Engineering proteins for covalent reactivity

Abstract:
NeissLock technology employs a self-processing module derived from Neisseria meningitidis to drive calcium-inducible, protein:protein covalent conjugation using only the twenty naturally occurring amino acids. The original iteration of the NeissLock technology relied on existing protein-protein interactions and therefore could not be applied towards covalent modification of proteins without an endogenous ligand. In this thesis, I present the NanoBondy- an engineered nanobody capable of inducible conjugation to a specific protein target at the unmodified cell surface. Beginning from nanobodies to CD45 and to mouse IgG, I designed covalently-reactive NanoBondies.
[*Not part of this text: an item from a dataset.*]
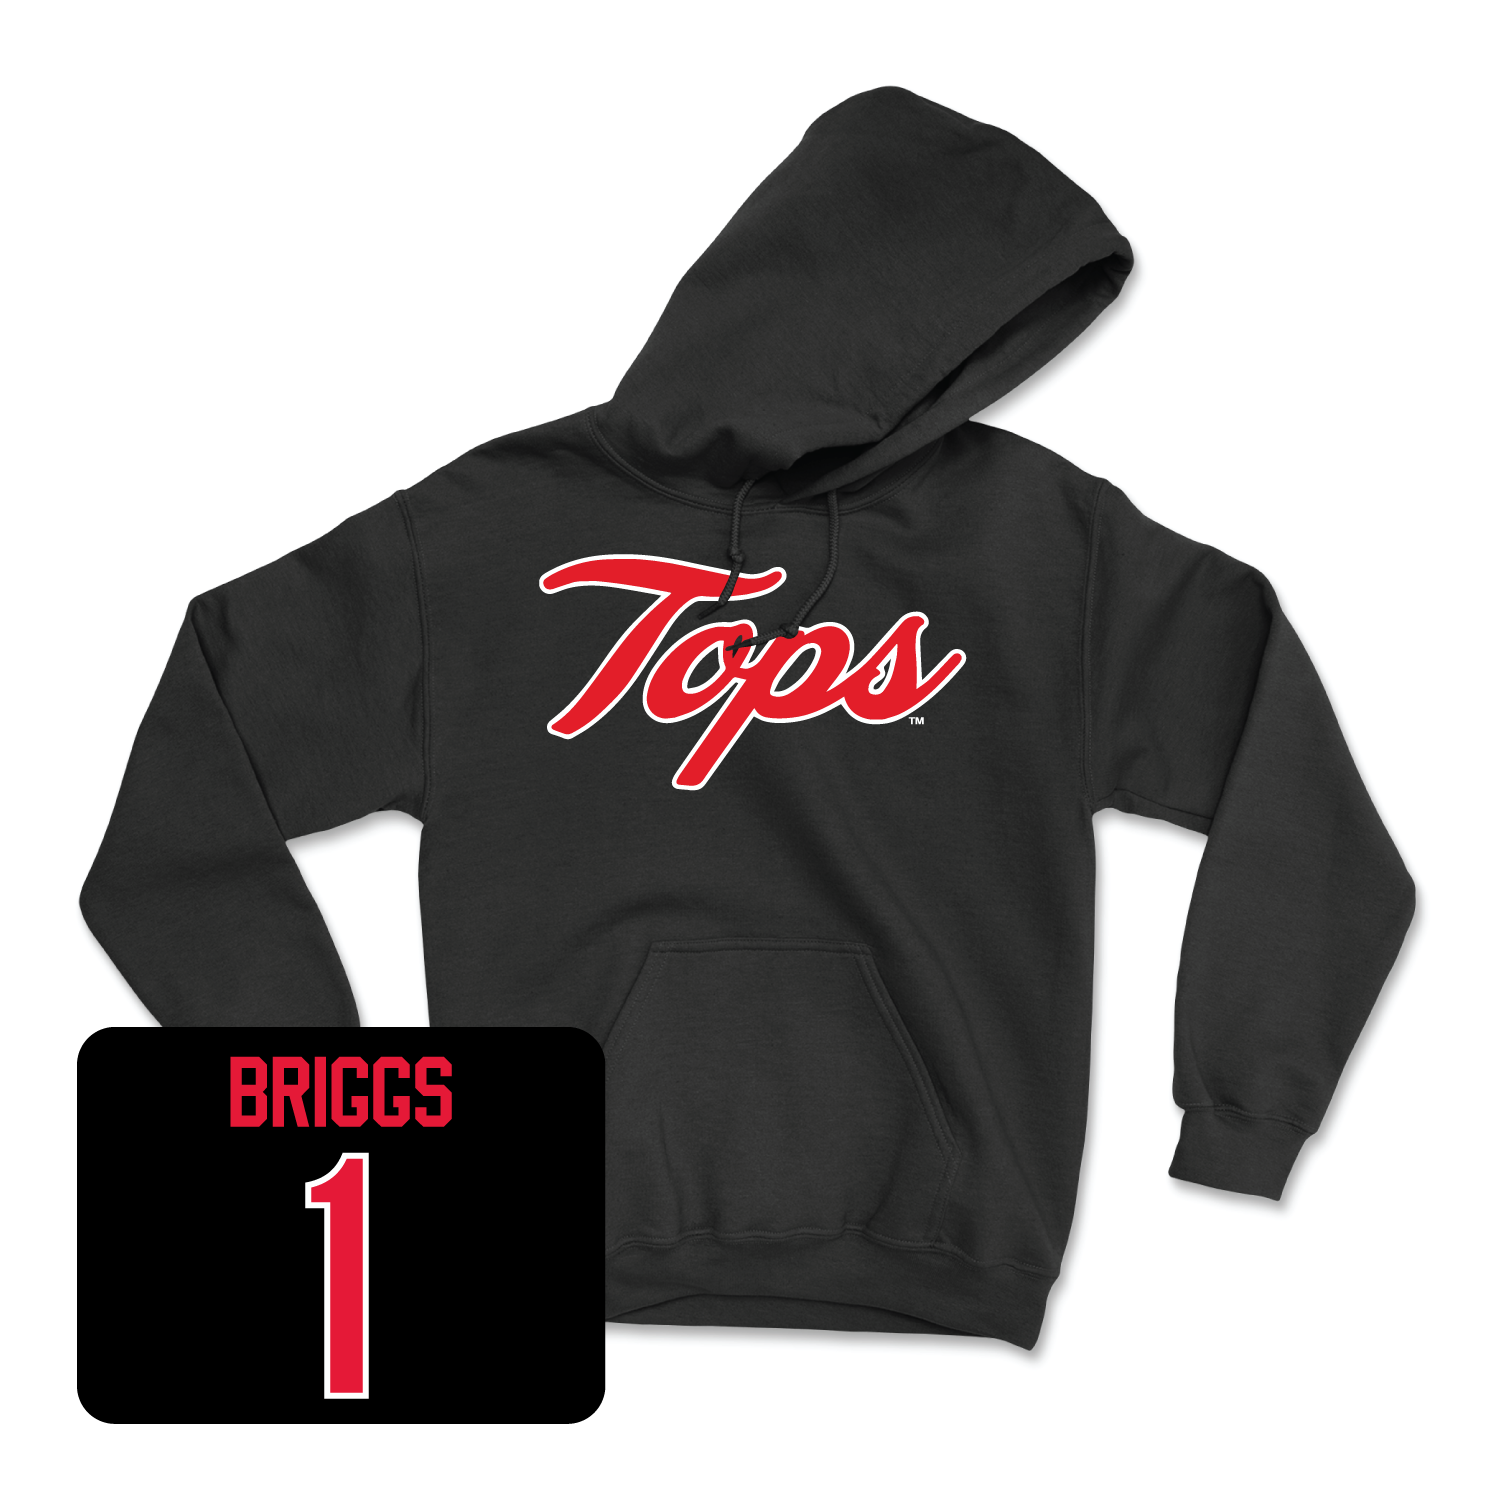 Black Women's Volleyball Tops Hoodie Small / Paige Briggs | #1

For the lead anti-CD45 NanoBondy candidate, I used computational modelling to predict the NanoBondy/CD45 binding interface. I evaluated various disulfide clamp sites and linker lengths to improve the overall efficiency of the NanoBondy reaction. I also evaluated the NanoBondy reaction tolerance to various buffers and reaction temperatures. In collaboration with University College London, we conducted crosslinking mass spectrometry to characterize the isopeptide crosslinks between the NanoBondy and CD45. I demonstrated NanoBondy conjugation to the surface of natural killer cells and CD8+ T cells. To apply the NanoBondy technology, I constructed DuoBondy constructs, consisting of a NanoBondy with an N-terminal effector protein. DuoBondy constructs maintain covalent reactivity to CD45 in recombinant protein assays. I evaluated the functional effect of DuoBondy binding in CD8+ T cell activation assays. The described NanoBondy technology offers a new means of covalent cell surface modification, as well as a novel protein-protein coupling tool with potential applications in protein conjugation, SPR and structural determination.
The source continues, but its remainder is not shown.